WHAT THIS TASK INVOLVES: With the pictures omitted, transcribe each line below exactly as it is.

INPUT DATA:
>>>

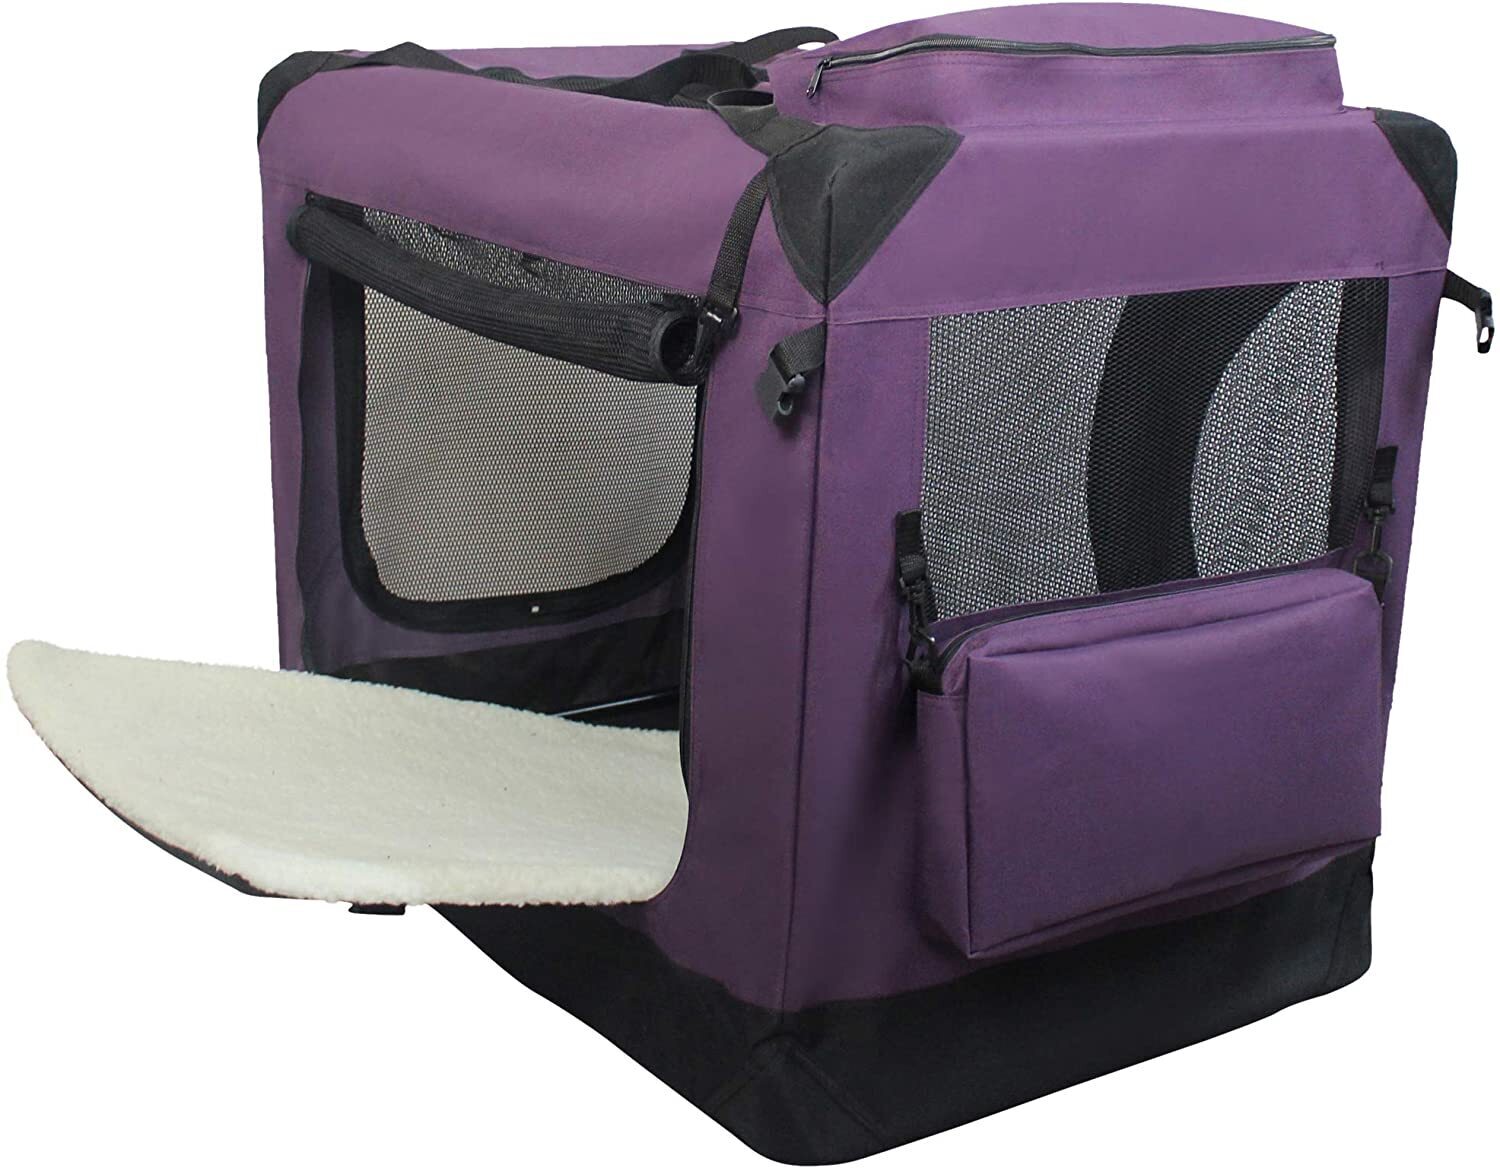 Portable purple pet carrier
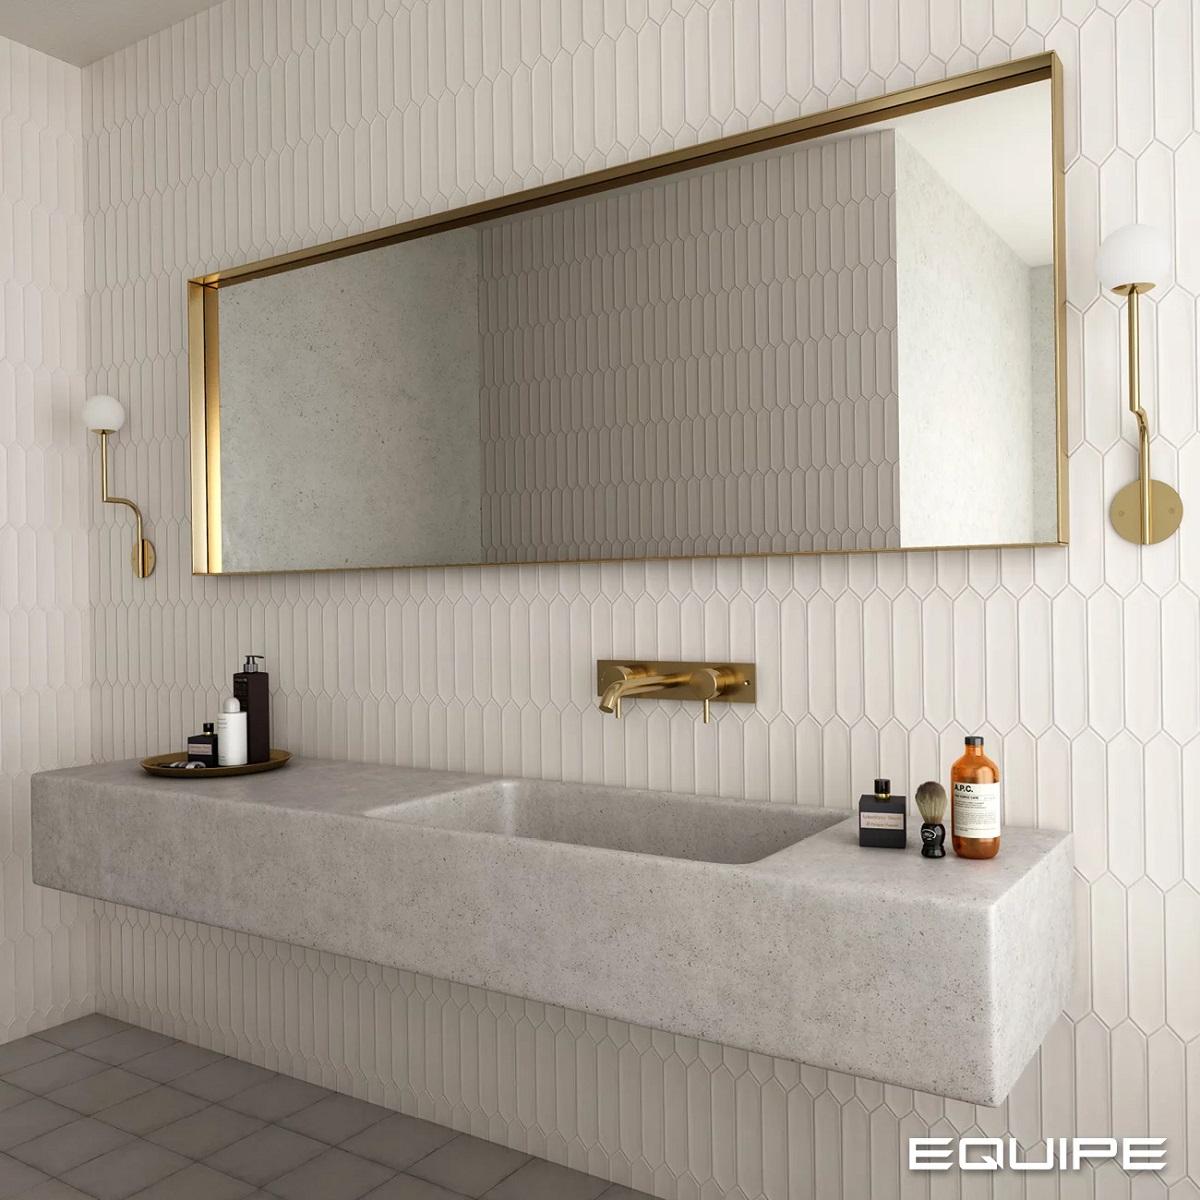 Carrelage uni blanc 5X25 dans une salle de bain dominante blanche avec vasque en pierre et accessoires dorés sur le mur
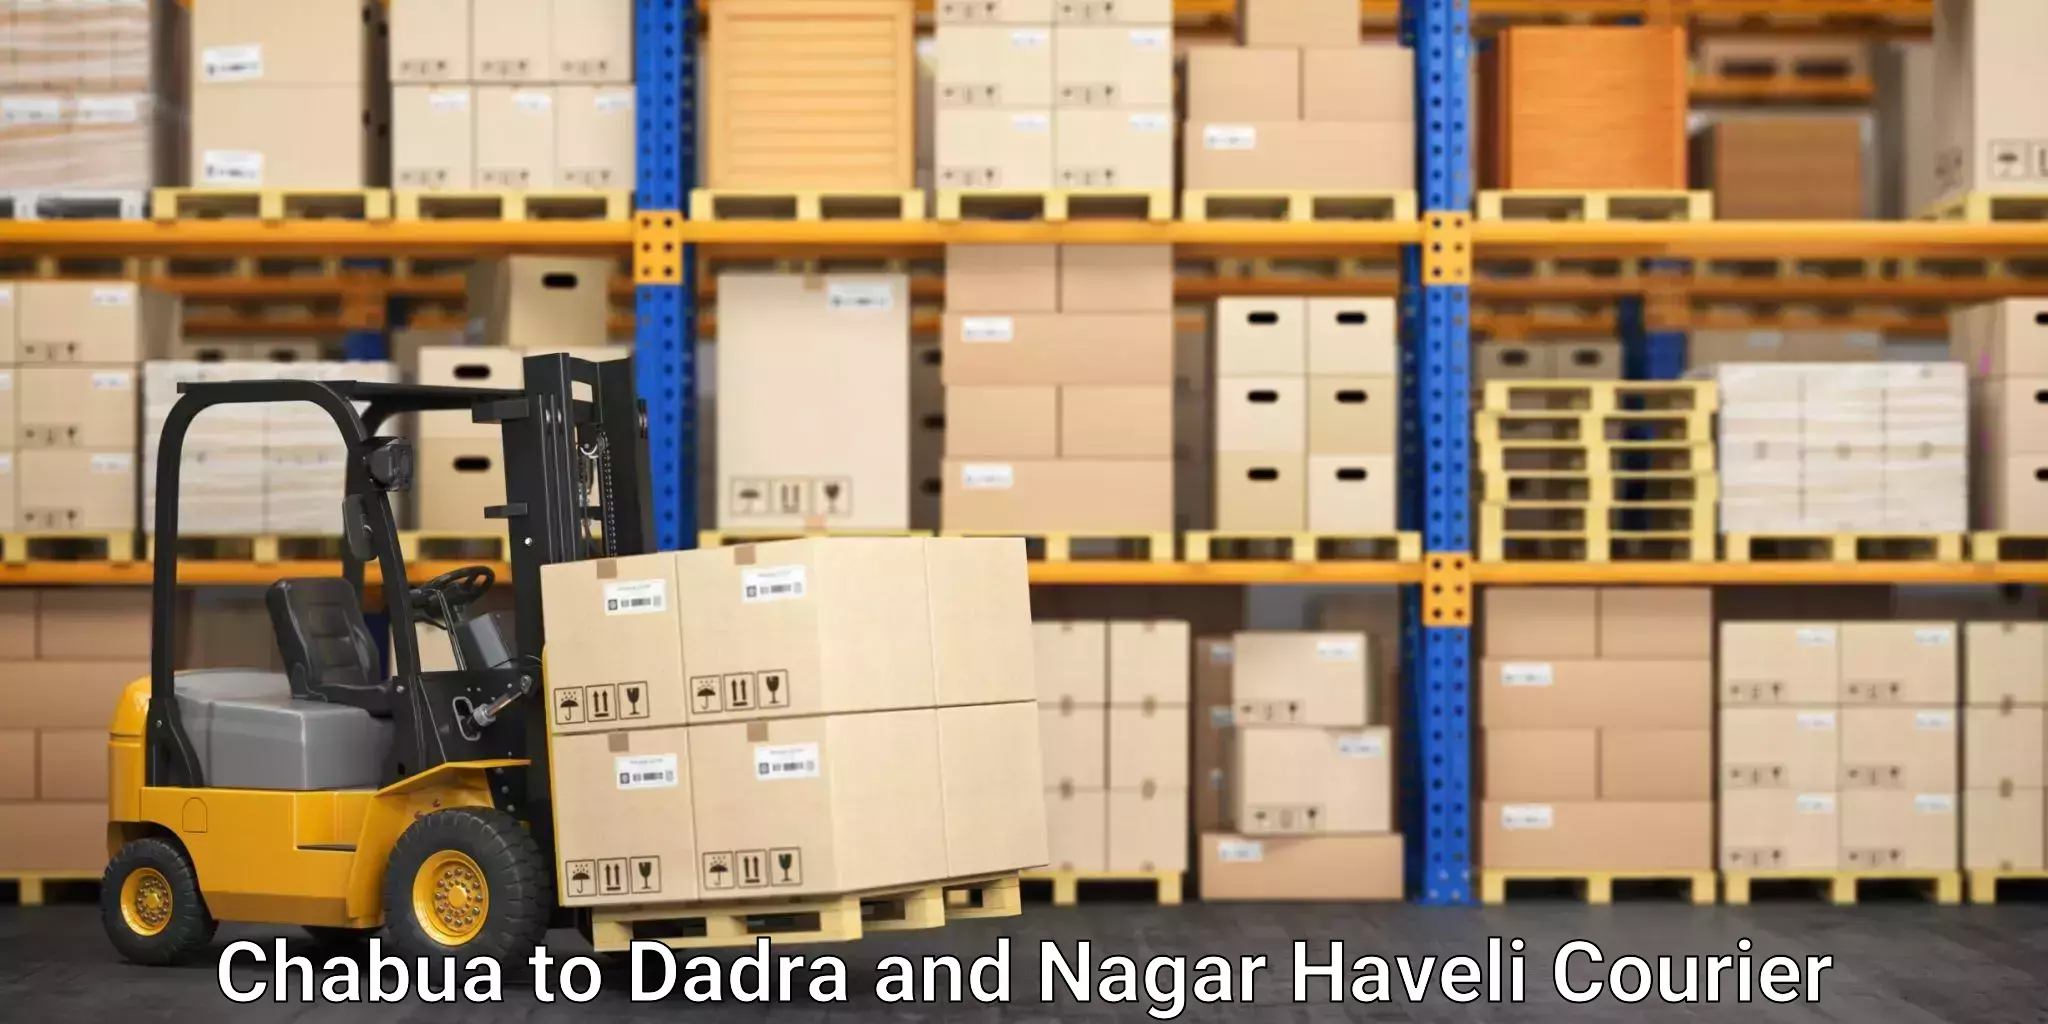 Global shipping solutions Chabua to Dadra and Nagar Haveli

<<<

ANSWER TO THIS TASK:
 Portable purple pet carrier
 Carrelage uni blanc 5X25 dans une salle de bain dominante blanche avec vasque en pierre et accessoires dorés sur le mur
 Global shipping solutions Chabua to Dadra and Nagar Haveli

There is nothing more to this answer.